Qualité de service et engagement de résultats, nouveaux axes stratégiques des intégrateurs et infogéreurs

En cette période de crise, les entreprises accélèrent leurs démarches d’infogérance et d’externalisation. Elles démultiplient leurs exigences vis-à-vis de leurs fournisseurs informatiques, et demandent une qualité de service de premier plan.

En cette période de crise, les entreprises accélèrent leurs démarches d’infogérance et d’externalisation. Elles démultiplient leurs exigences vis-à-vis de leurs fournisseurs informatiques et exigent une qualité de service de premier plan. Dans ce contexte, la performance semble s’imposer comme un vecteur stratégique dans le monde des prestataires informatiques qui doivent rivaliser d’initiatives pour conserver et remporter des parts de marché.

A priori évident, ce cheminement qualité est encore bien loin des attentes formulées. En effet, il ne suffit plus d'avoir un discours marketing séduisant pour conserver ses clients mais bel et bien de jouer la carte de l'expertise et des résultats.

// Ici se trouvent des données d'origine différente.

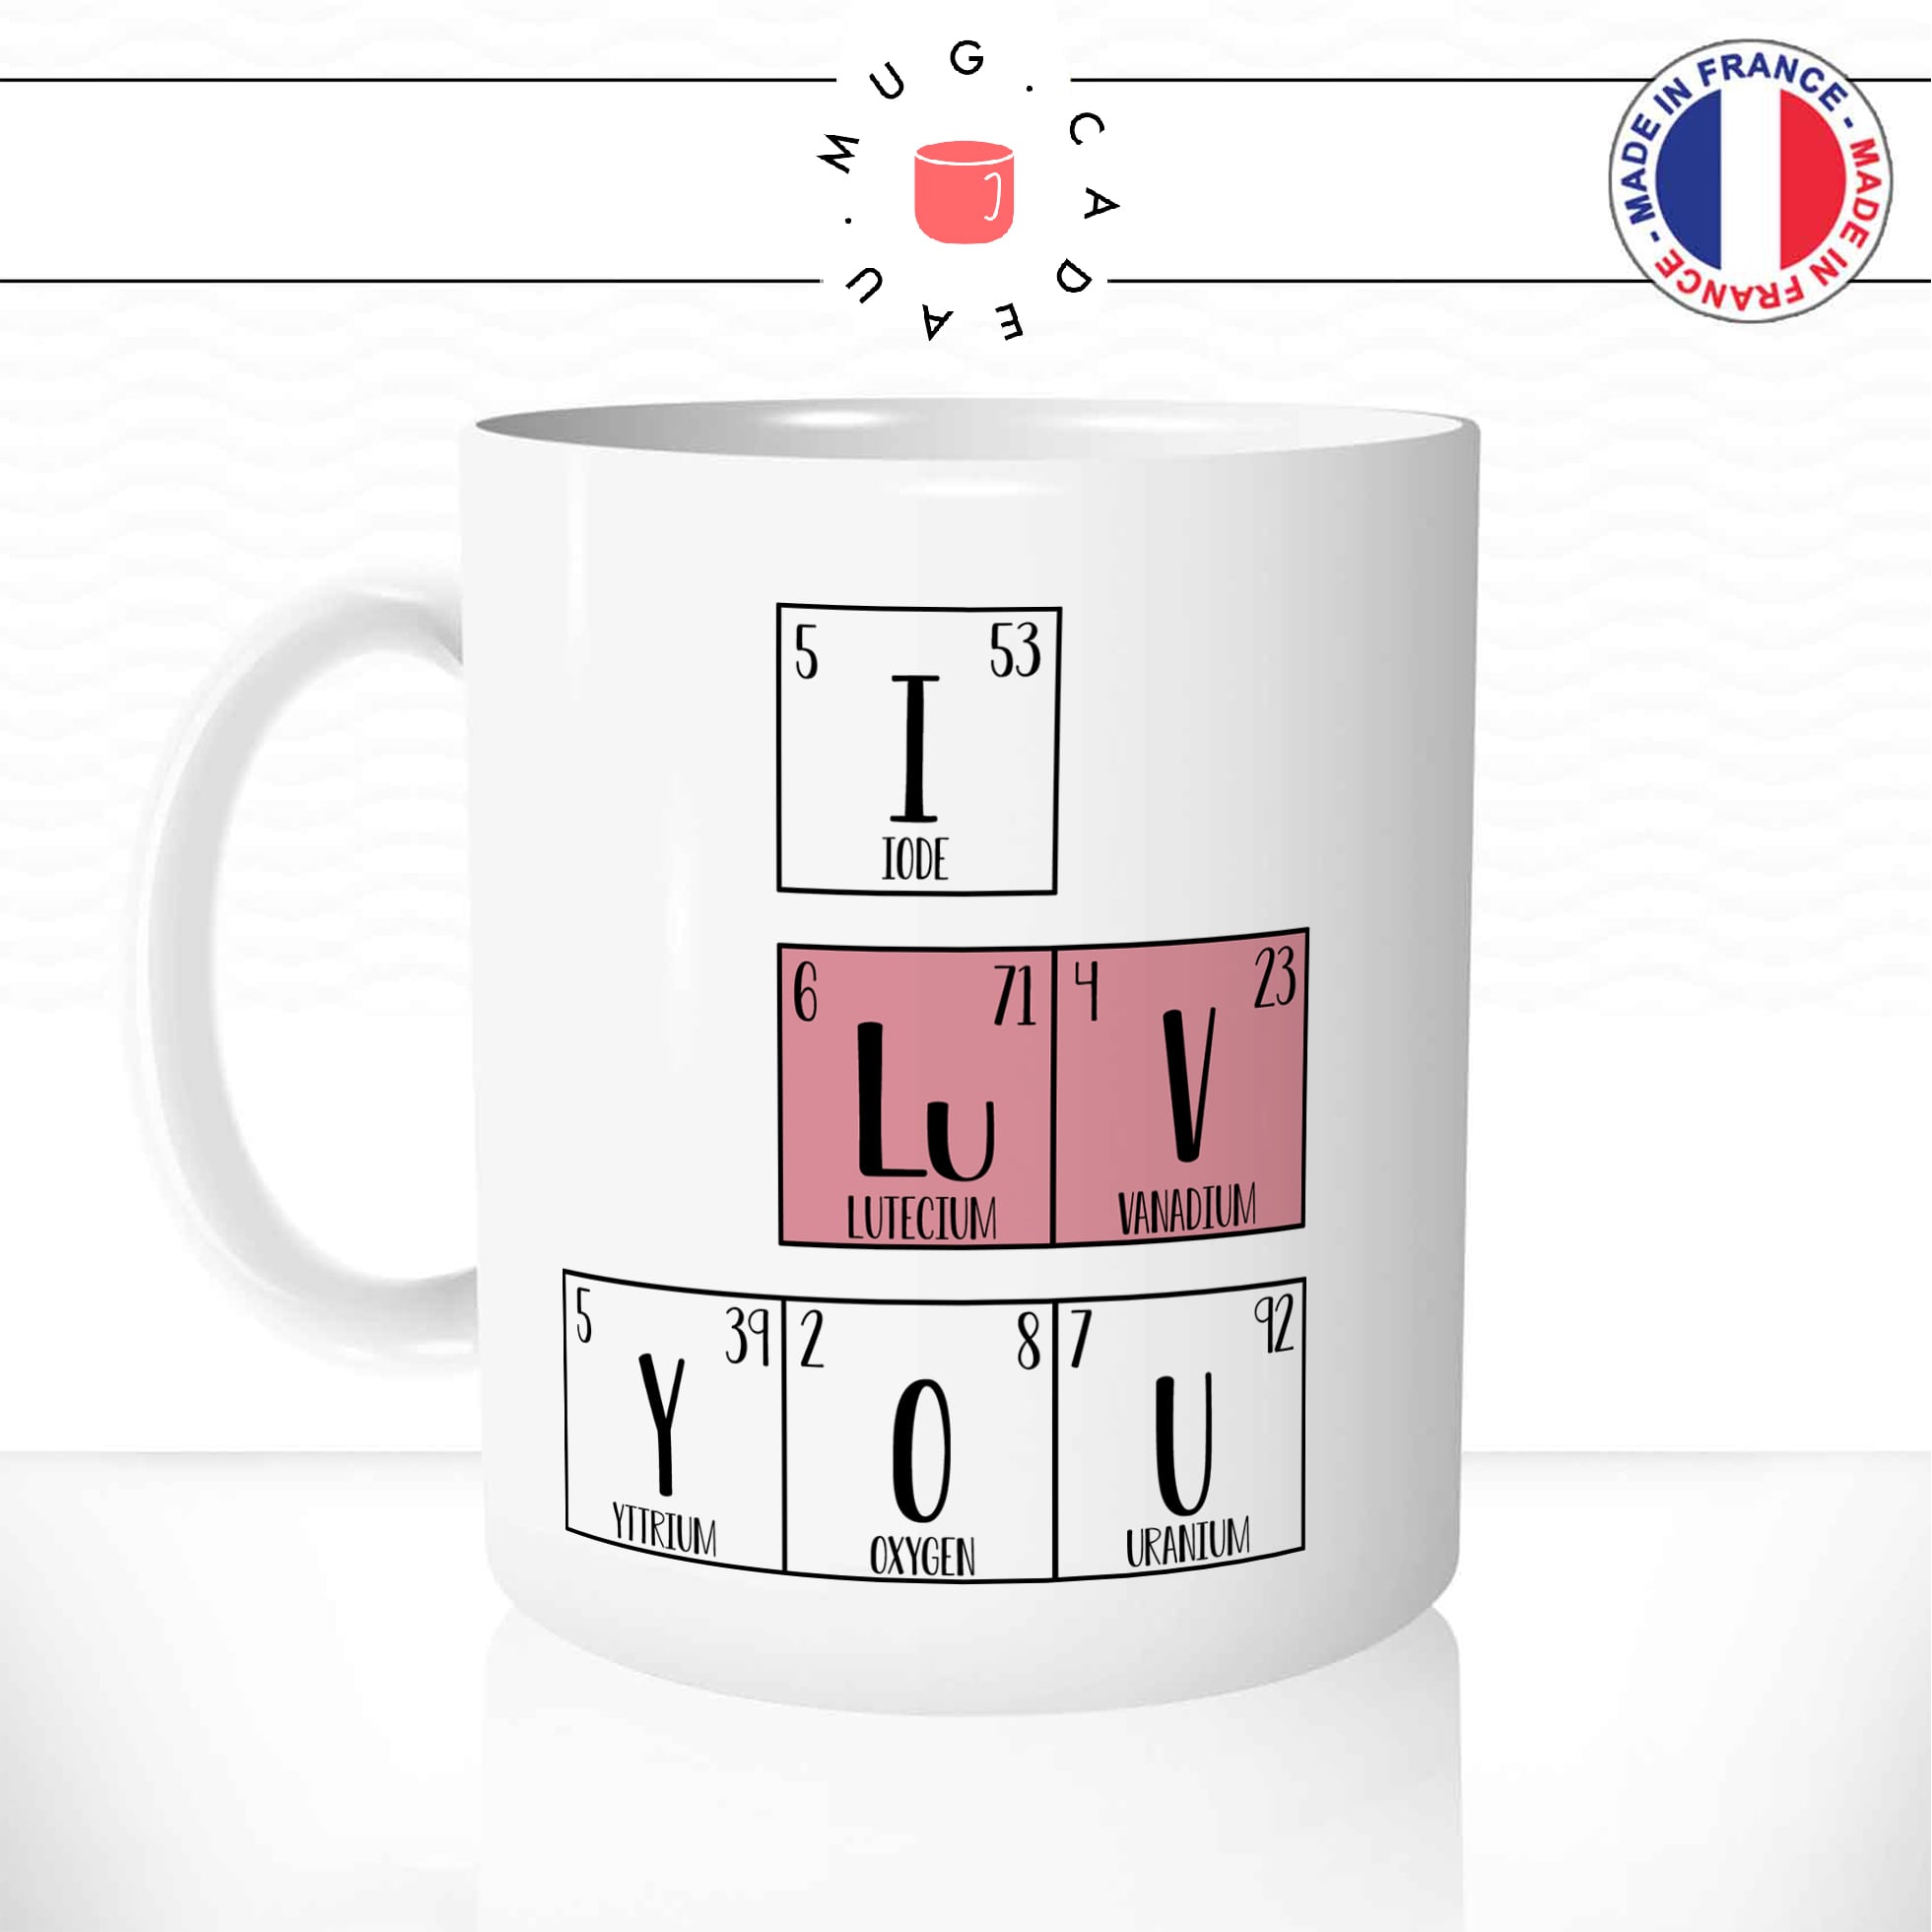 mug-tasse-i-love-you-elements-tableau-periodique-science-amour-couple-idee-cadeau-je-taime1

La transparence est donc de mise et l'initiative et la proactivité fortement plébiscitées. En d'autres mots et sans langue de bois, il convient de passer d'une obligation de moyens à une obligation de résultats !

 

Pour ce faire, il est désormais incontournable d'entrer de plein pied dans une approche SLA (Service Level Agreement). Les SLA sont en effet un véritable contrat qualitatif passé avec le client et défini avec ce dernier. Concrètement, les SLA s'inscrivent donc totalement dans l'approche d'engagement de résultats et permettent au client comme au prestataire de bénéficier dès le départ de règles du jeu définies et acceptées en commun.

 

Au niveau des prestations d'infogérance, les outsourceurs doivent nécessairement améliorer leurs processus internes et miser sur une démarche qualité de tous les instants pour conserver leurs clients. En effet, héberger une application et la maintenir est devenu un métier complexe en raison de la nature critique des systèmes et applications hébergés, notamment dans les domaines de la distribution, du e-commerce, du médical... La disponibilité et la sécurité des plates-formes doivent être garanties dans la mesure où ces variables peuvent largement influer sur le résultat opérationnel. En ce sens, les hébergeurs doivent bénéficier d'une réelle expertise pour garantir des performances optimales et une disponibilité tendant vers les inatteignables 100 %.

 

Au niveau des prestations d'intégration, la complexité des technologies et leur multiplication dans tous les secteurs de l'entreprise obligent à proposer des prestations à forte valeur ajoutée, notamment en matière de réseaux, de télécoms, de mobilité, de stockage... Notons également que les sujets liés à la virtualisation contribuent à imposer des compétences très pointues sur ces domaines d'expertises.

De plus, au-delà des compétences techniques, les ingénieurs et développeurs travaillant chez des intégrateurs doivent avoir des connaissances "métiers" et des profils proches de ceux des consultants. En effet, aligner un système d'information sur des besoins métiers (distribution, finance, secteur public...) implique de comprendre le métier du client, sa réglementation... Là encore le client attend de son prestataire des résultats et une bonne compréhension de ses enjeux business.

 

L'industrie de l'intégration et de l'hébergement entre donc dans l'ère de la valeur ajoutée et oblige les acteurs du marché à offrir une qualité de service de premier plan. A n'en pas douter, nous devrions continuer de voir de nombreux acteurs souffrir de leur manque de sérieux et de résultats. Ce virage a d'ores et déjà été amorcé en raison de la crise que nous traversons. En revanche, pour les intégrateurs et outsourceurs jouant la carte de la qualité et de l'engagement de résultats, cette crise peut s'avérer être une formidable opportunité, durable et profitable.